Okay, got it. My next question is Capex. You did provide CapEx guidance for 2020. But the capital is really moving around from a timing perspective. Can you give us any kind of preliminary indication, even if it's a wide range on how 2021 is going to look?
Peter, this is Geert again. I think 2022 or 2021 is a little too early. We're very confident about the $650 million to $700 million. A big chunk of that you'll see continue into next year because the biggest part of that is related to construction capital, and within that bucket, it's mostly London poultry. But as Michael and I have indicated this morning, a big part of the thinking will be related to Shelbyville. And those clients are being solidified over the next couple of quarters as we get a better view of what, ultimately, that plant will need to be. We're finalizing our plans for next year. At this moment, it's too early to give you a specific number for next year, but I think that's a bit of the framework you should be using.
Okay. And then just lastly, on the meat protein side of the company. The Ontario packer margin was very strong during the quarter. Does that -- do you directly benefit from that? Or are there other things that could mitigate it? Hedging strategies, et cetera? Or would that have flowed through to your financial results in the quarter?
Peter, I turn your attention to Page #12 of the material that we sent out.
Yes, I'm looking at it, that's why I'm asking the question.

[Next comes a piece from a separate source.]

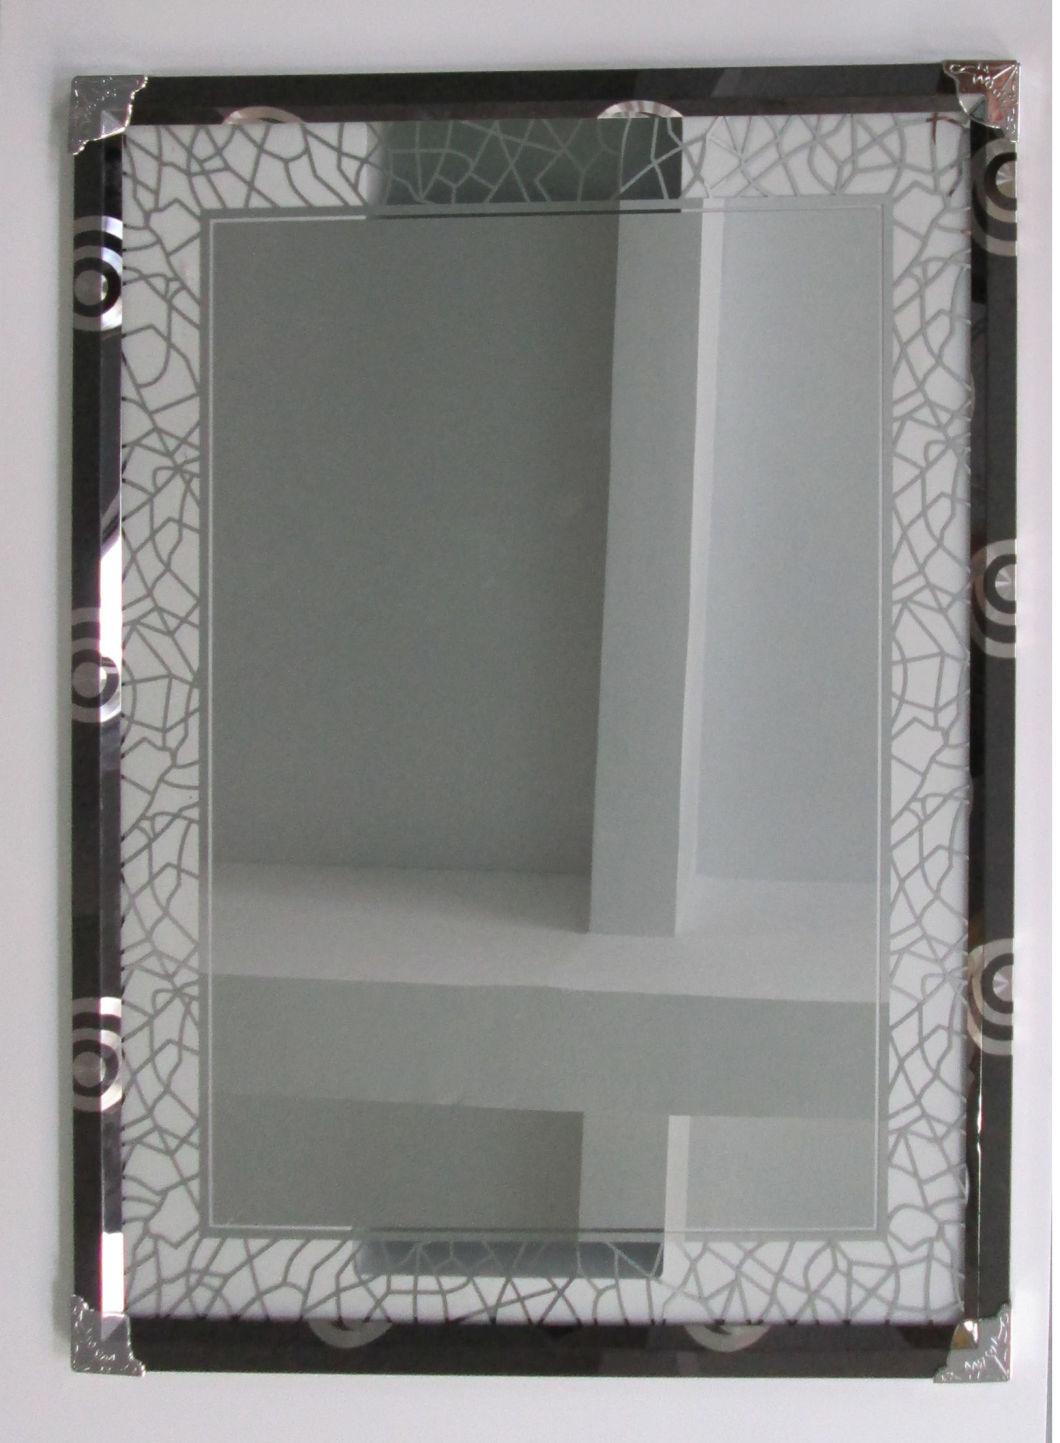 Stainless Steel Framed Silver Wall LED Laminated Bathroom Glass Mirror

Yes. Well, but there are 3 components to that. The pork processor margin in the middle was strong, but the hog production margin on the left-hand side was weak relative to 5-year average, and the by-products were weak relative to 5-year average. So on balance, to look at the impact for the quarter, it was about 40 basis points relative to 5-year average. For the year, it was 110 basis points negative for the quarter, so I think it's important to look at all 3 of them. This is the market condition in aggregate that we experienced for the quarter and for the year.
Thank you. Ladies and gentlemen, this concludes your conference call for today. We thank you for participating, and we ask that you please disconnect your lines. Have a great day.